После тренировки тело болело, но мне нравилась эта боль — она заставляла меня верить в себя. Она была доказательством того, что я умела хоть что-то, и помогала ненадолго забыть о своей никчемности. Когда понимаешь, что обладаешь физической силой, забыть о моральной слабости просто.
Мышцы надрывались и разрушались, чтобы восстановиться и стать сильнее. Так и с людьми: порой, чтобы стать сильнее, человеку необходимо сломаться.
Утро было безоблачным, но если бы в небе и были облака, я бы в деталях помнила каждое.
Я всегда находила, чего бояться, и моя жизнь целиком и полностью состояла из страха, от которого мне так и не удалось избавиться. Но отказы, наверное, были единственным, чего я не боялась. Просто потому, что успела к ним привыкнуть.
Выходя из очередного офиса после очередных напыщенных речей, я не испытывала сожаления или злобы. Так же, как привыкла к отказам, я привыкла быть никому не нужной — даже самой себе.
Солнце припекало, прохожие спешили по своим делам — тот день ничем особым не выделялся. Жизнь текла своим чередом, кипела, бурлила и обходила меня стороной.
Словно мир был океаном, который пронзали стремительные течения и стаи рыб, а я была булыжником на его дне. Булыжником, который видел и слышал больше, чем любая из рыб, способных переплыть океан — ведь они так спешили, что не замечали в своих странствиях того, что замечал неподвижный булыжник.

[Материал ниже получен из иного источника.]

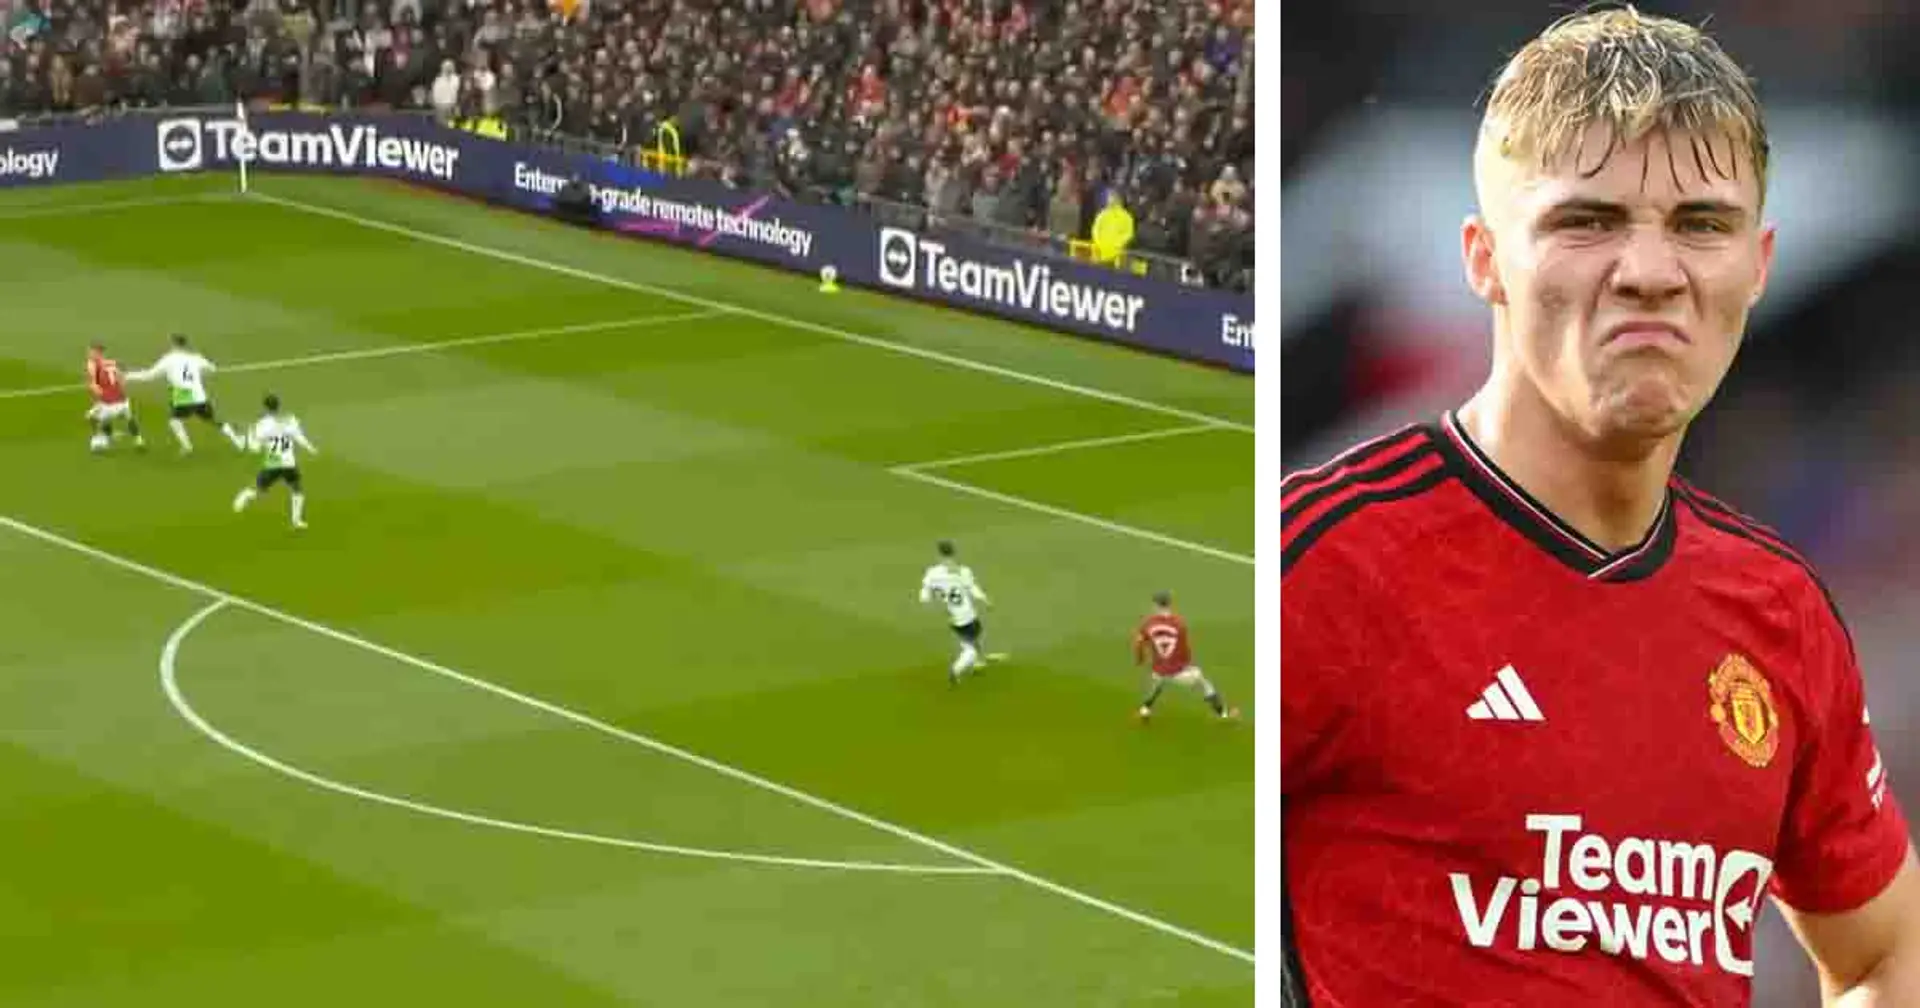 'Losing my patience': Some Man United frustrated with Hojlund for scuffing potential goal vs Liverpool

На аллеях, на улочках и на дорогах, на машинах и на ветвях, на столбах и крышах — призраки встречались везде. Но не всем.

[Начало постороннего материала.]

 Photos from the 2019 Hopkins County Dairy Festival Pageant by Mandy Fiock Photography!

Я начала их видеть с тех пор, как меня спас Адраган. Быть может, тогда я так ждала смерти, что умерла душой — и не ожила в итоге. Так и ходило по земле живое тело с мертвой пустотой внутри.
Выбросив из головы провалившееся собеседование, я брела куда глядели глаза. Слонялась без той же цели, без которой существовала — толком и не жила. Я не позвонила маме, не пошла домой, не оплакивала свою никчемность. Я шагала и размышляла о призраках, с которыми ощущала родство.
Именно рядом с ними я обретала себя. Именно в мертвецах я находила утешение и причину жить.
Каково призракам наблюдать за бурлящим миром и осознавать, что сами они — больше не его часть? Страдали они по нему или же были рады выпутаться из земных цепей?
Один из них, который попался мне на пути, начал растворяться в воздухе. Призраки уходили в иной мир, поскольку не принадлежали этому.
Но почему они не исчезали сразу после смерти? Почему задерживались здесь? Почему были так спокойны перед лицом живых, которых покинули?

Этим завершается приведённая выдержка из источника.